Yes, This happened! |
I am aware that I am not expressing an original sentiment when I say that Monty Python in
general and the Holy Grail in particular have played a central role
in my development as a human being. I remember my first encounter
with Python. I am not sure how old I was but it was a new years eve,
and after watching the fireworks on TV I continued watching as a film
about the Holy Grail started. I don't recall the extended credits
sequence (maybe because the jokes went over my head) but I do
remember being engrossed by the misty hillside and the ominous sound
of a rider approaching only to collapse with laughter once I
experienced the now legendary coconut gag. Mercifully, my parents
allowed me to stay up and watch the entire thing and from then on I
joined the rather large python loving fraternity. Flash forward
about 20 years later and I am sitting in a theatre, the same gag is
being recreated on stage and I seem to be the only person in a 700
seater auditorium not laughing.
Is it me? Have I
become one of those clinically out of touch adults who, in the 1970s,
dismissed Monty Python's work? If I were to be shown the Holy Grail
for the first time today would I not find it funny? Or did Spamalot
do something very wrong?
Dick and Dom in da
Spamalot can be divided into two parts, the Python bits and the
original bits.
The Python Bits
It's easy to say that
you can't go wrong when the source material is Monty Python. You are
performing scenes written by some of the greatest comedy writers in
the history of any medium. However, these same writers are also among
the greatest comedy performers to have ever appeared on screen and to
recreate this on the stage, with Dick and Dom, is a huge challenge.
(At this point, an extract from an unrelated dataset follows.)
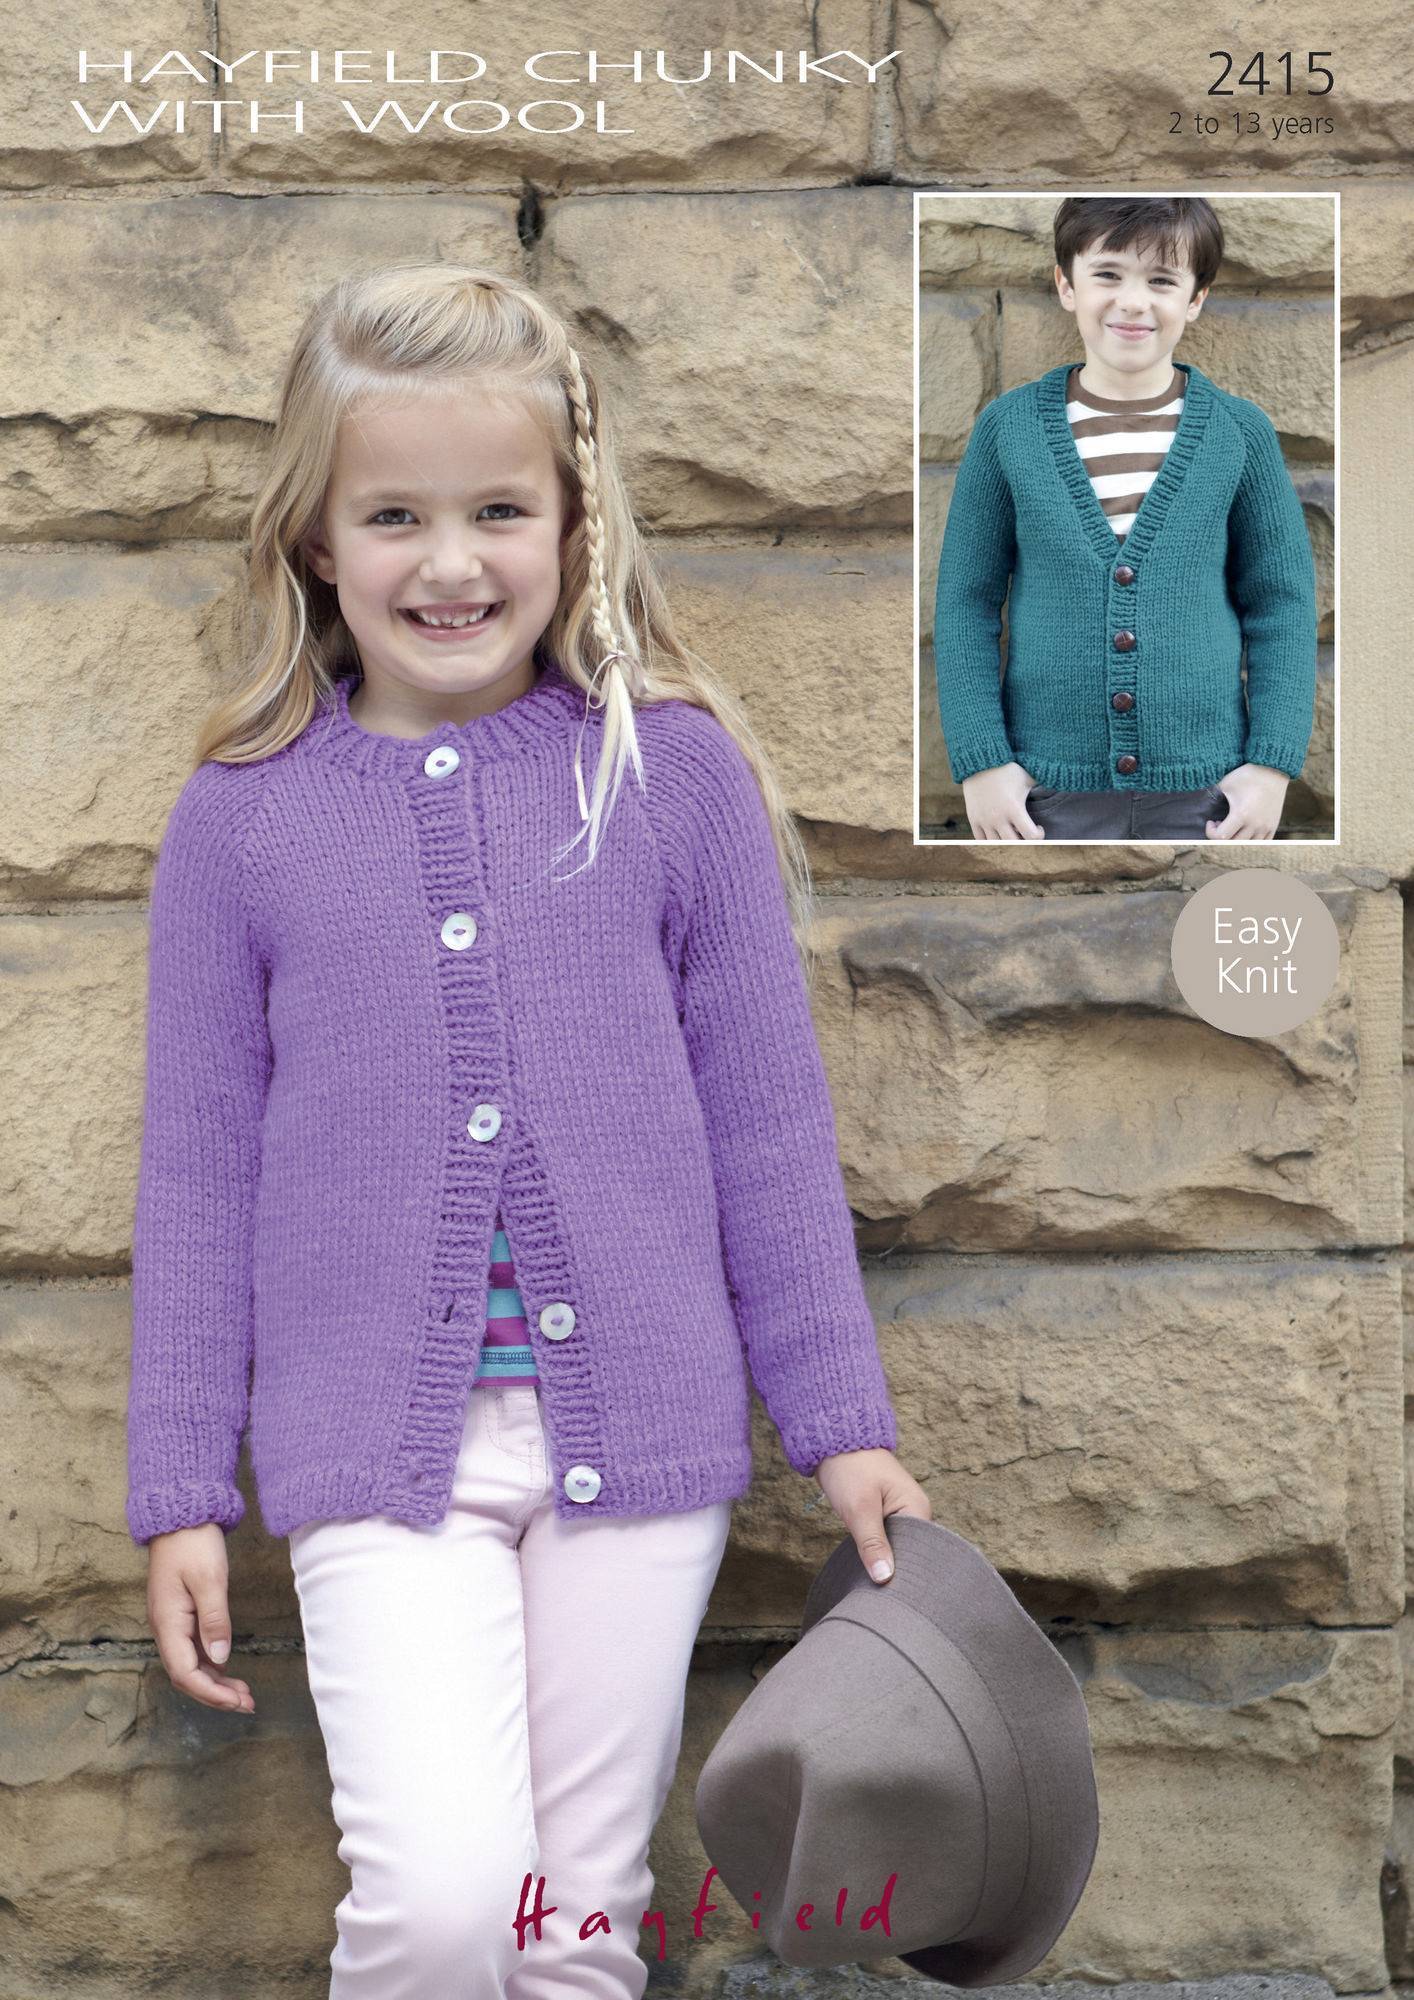 Cardigans in Hayfield Chunky with Wool (2415) | The Knitting Network

Perhaps it was an impossible technical task in the first place. I
don't see how you could to effectively recreate Lancelot's berserka
attack on the castle for example and Arthur's dismemberment of the
Black Knight would just doesn’t work on stage (this though, I
guess, raises the question, why bother trying in the first place).
Despite the technical difficulties in attempting to transfer from
film to the stage I feel that the the failure to recreate that
Python, um (help me here Concord), je ne sais quoi lies largely with
the performances. From the debates over the coconut carrying
capacity of sparrows to the viscously taunting Frenchman, every time
Spamalot attempts to recreate, often verbatim, a scene from the film
there seemed to be something missing. It was almost as if it were
being performed by people who didn't quite understand what was funny
about the original film and had therefore decided to try improve on
it by, for example, massively extending the Frenchman’s raspberry
blowing scene. The strange thing is I did chuckle to myself a couple
of times through the performance but this was often due to reliving
my favourite parts of the original film.
The Original Bits
Given that Eric Idle
was involved in creating the show you may expect to see some of that
Python genius in the parts of the plot, the jokes and the musical
numbers not found in the original. However, it's largely absent.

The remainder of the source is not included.